The 3.0 analogue of this issue is bug 12535.

There's only one kind of tree that's of interest in XDM, and that's the tree of nodes defined implicitly by the dm:parent relation between nodes. XDM is talking about this kind of tree (and indeed, this kind of node), and XDM nodes each belong to exactly one tree of this kind. A "subtree" of this tree is not itself a tree, because it does not contain a root node; it is an essential property of a root node that it has no dm:parent. I wasn't aware that the use of the term "tree" in mathematics differed so widely from the use of the term in computer science - clearly it's the usage in computer science that's relevant here, not the usage in mathematics.

I think there are two features that characterize the use of "tree" in the DM: 1. "rooted": one node is designated to be the root (I am using the mathematical meaning of root here). 2. "maximal"/"a connected component of the graph induced by dm:parent" and this connected component happens to be a tree.
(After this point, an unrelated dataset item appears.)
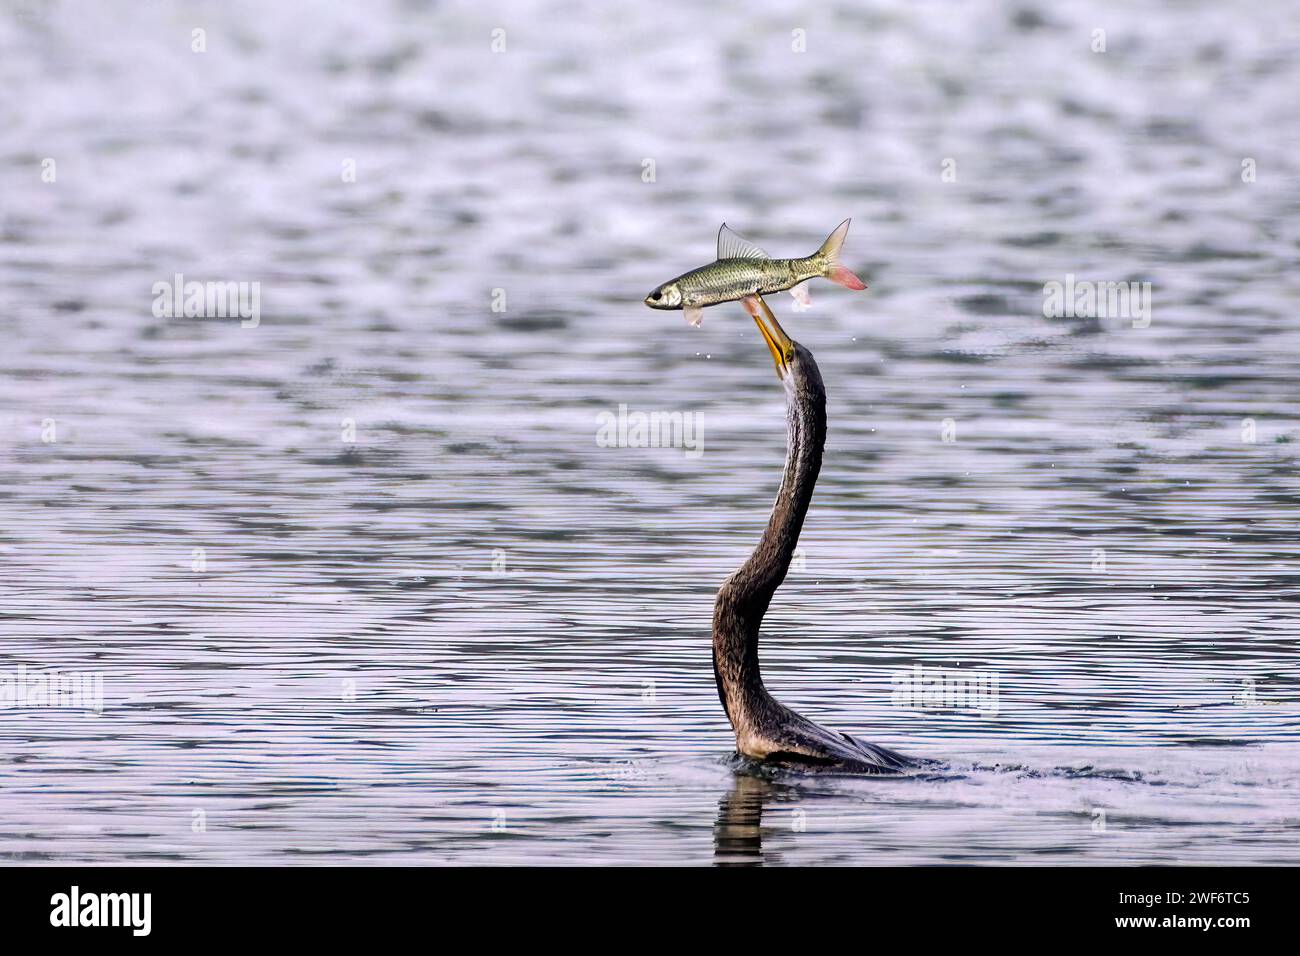 A Darter bird catching fish in Keoladeo National Park, Rajasthan, India. Stock Photo

In particular, it must include the node that has dm:parent not set (the "root" with our meaning, and which is also chosen to be the root of the tree with the mathematical meaning of bullet 1). I believe it is the second bullet point which implies that subtrees are not trees (but they would fulfill the first bullet point I think).

I thought it might be worth looking at some other uses of the term "tree" in the XML specification family. XML 1.05e has: * The document entity serves as the root of the entity tree * each leaf node in the syntax tree for the regular expression * There is exactly one element, called the root, ... Infoset: * This specification presents the information set as a modified tree * One of the element information items is the value of the [document element] property of the document information item, corresponding to the root of the element tree It seems to me that all these definitions use "tree" to mean "maximal tree" (a tree that is not part of a larger tree), and "root" to mean a node that is the root of a maximal tree. I think this is the usual usage in computing.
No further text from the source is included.